Transform text into semantic vectors. Power your search, recommendations, and similarity features with AWS Bedrock embedding models through an OpenAI-compatible interface.

Why Choose Embeddings?

  • Semantic Search
    Find content based on meaning and context, not just exact words. For knowledge bases and document retrieval.

  • High Performance
    AWS Bedrock embedding models deliver fast vectors optimized for production workloads. Batch processing for large-scale operations.

  • Flexible Dimensions
    Choose vector dimensions that match your needs. Balance accuracy and storage/compute costs with model-specific dimension control.

  • Multimodal Embeddings
    Process images, videos, audio, and PDF documents alongside text. Unified embeddings for cross-modal search using base64 data URI input.

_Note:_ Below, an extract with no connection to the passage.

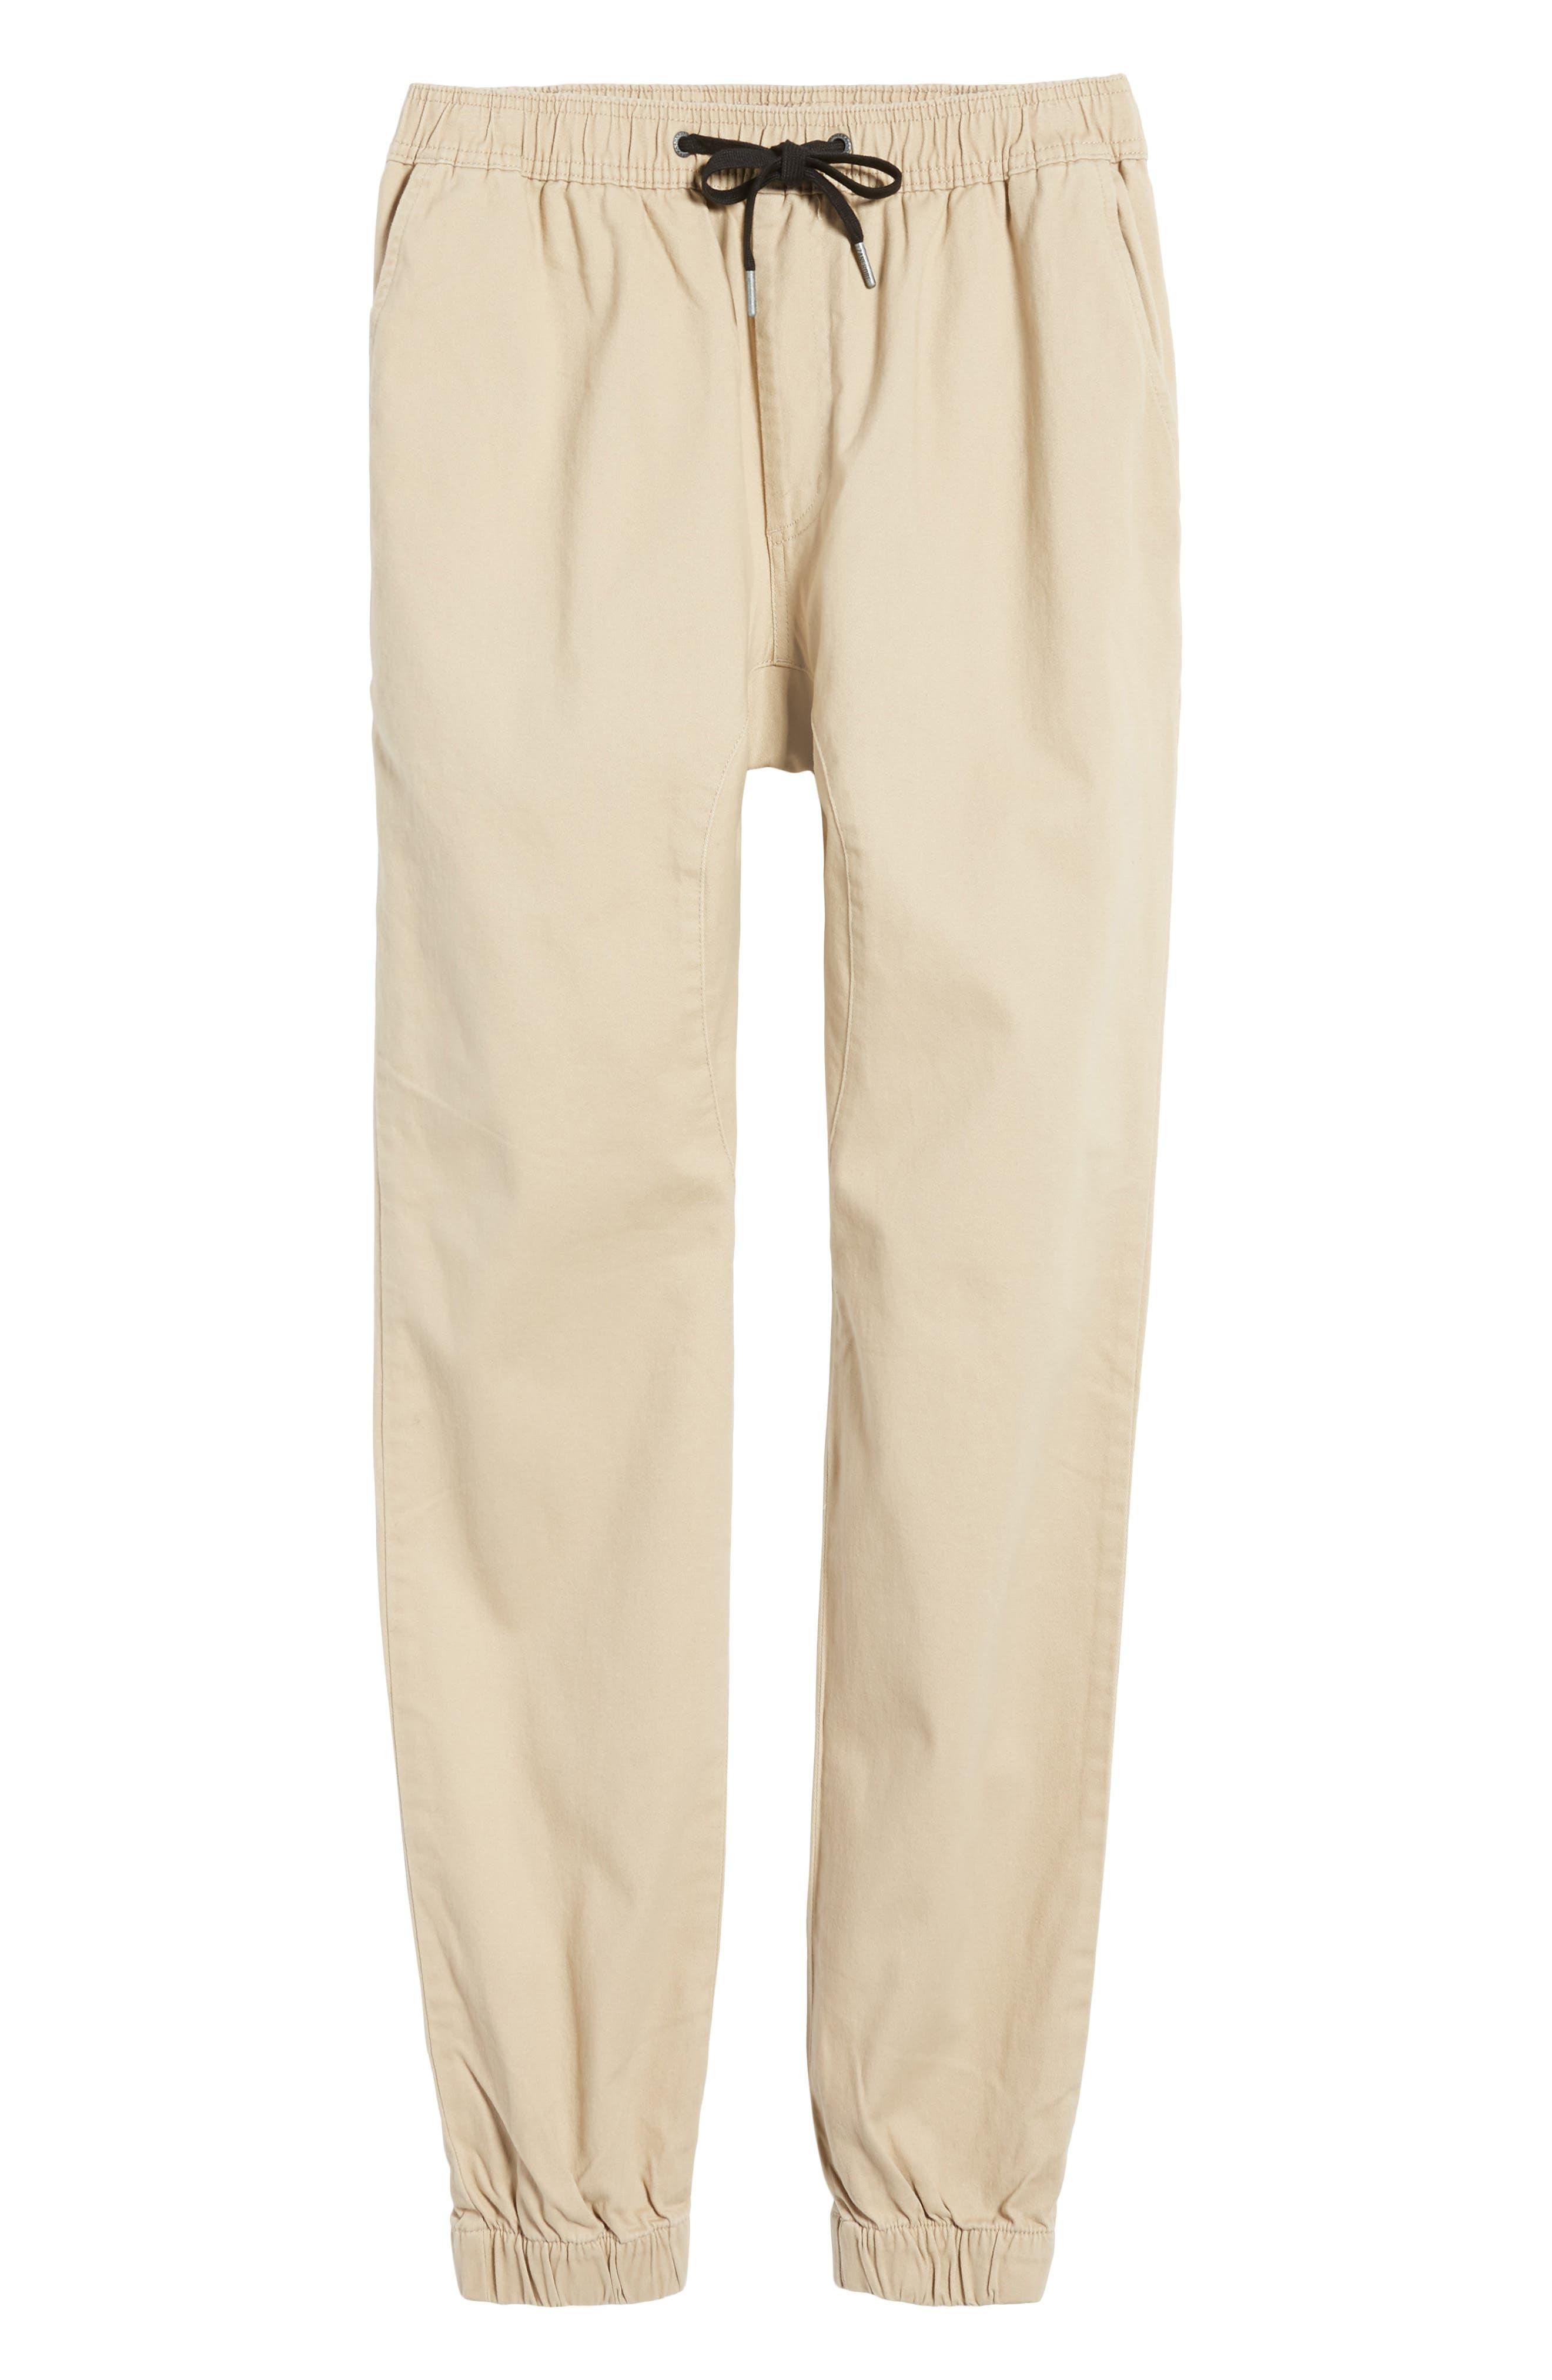 'Sureshot' Jogger Pants, Main, color, 281

Quick Start: Available Endpoint

Endpoint Method What It Does Powered By
/v1/embeddings POST Transform text into semantic vectors AWS Bedrock Embedding Models

Feature Compatibility

Feature Status Notes
Input Types
Text input (single string) Full support for text embeddings
Multimodal input Image, audio, video, document (image + text)
Multiple input (batch array) Process multiple inputs efficiently
Token array input Array of token integers not supported
Output Formats
Float vectors Standard floating-point arrays
Base64 encoding Base64-encoded float32 arrays
Model Parameters
dimensions override Some models support dimension reduction
encoding_format Choose float or base64
Extra model-specific params Extra model-specific parameters not supported by the OpenAI API
Usage tracking
Input text tokens Estimated on some models

Legend:

  • Supported — Fully compatible with OpenAI API
  • Available on Select Models — Check your model's capabilities
  • Unsupported — Not available in this implementation
  • Extra Feature — Enhanced capability beyond OpenAI API

Available Request Headers

This endpoint supports standard Bedrock headers for enhanced control over your requests. All headers are optional and can be combined as needed.

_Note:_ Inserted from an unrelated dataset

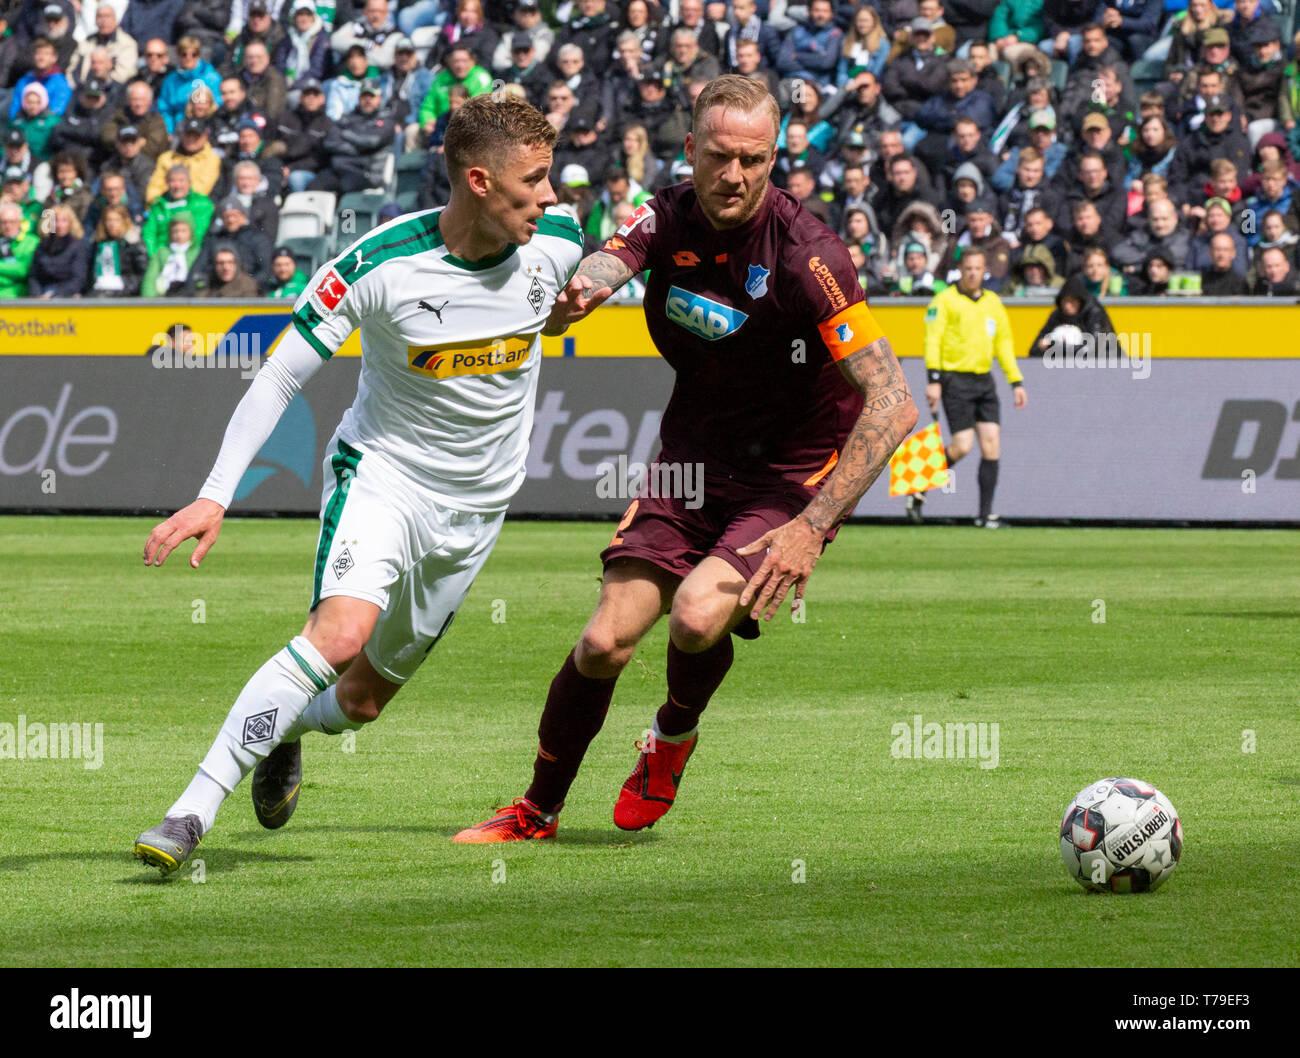 sports, football, Bundesliga, 2018/2019, Borussia Moenchengladbach vs. TSG 1899 Hoffenheim 2-2, Stadium Borussia Park, scene of the match, Thorgan Hazard (MG) left and team captain Kevin Vogt (TSG), DFL REGULATIONS PROHIBIT ANY USE OF PHOTOGRAPHS AS IMAGE SEQUENCES AND/OR QUASI-VIDEO - Stock Image

Content Safety (Guardrails)

Header Purpose Valid Values
X-Amzn-Bedrock-GuardrailIdentifier Guardrail ID for content filtering Your guardrail identifier
X-Amzn-Bedrock-GuardrailVersion Guardrail version Version number (e.g., 1)
X-Amzn-Bedrock-Trace Guardrail trace level disabled, enabled, enabled_full

Performance Optimization

Header Purpose Valid Values
X-Amzn-Bedrock-Service-Tier Service tier selection priority, default, flex
X-Amzn-Bedrock-PerformanceConfig-Latency Latency optimization standard, optimized

Example with headers:

curl -X POST "$BASE/v1/embeddings" \
  -H "Authorization: Bearer $OPENAI_API_KEY" \
  -H "Content-Type: application/json" \
  -H "X-Amzn-Bedrock-Service-Tier: flex" \
  -H "X-Amzn-Bedrock-PerformanceConfig-Latency: standard" \
  -d '{
    "model": "amazon.nova-2-multimodal-embeddings-v1:0",
    "input": ["Batch text 1", "Batch text 2", "Batch text 3"]
  }'

Detailed Documentation

For complete information about these headers, configuration options, and use cases, see:

Advanced Features

Provider-Specific Parameters

Access advanced embedding capabilities by passing provider-specific parameters directly in your requests. These parameters are forwarded to AWS Bedrock and allow you to access features unique to each embedding model provider.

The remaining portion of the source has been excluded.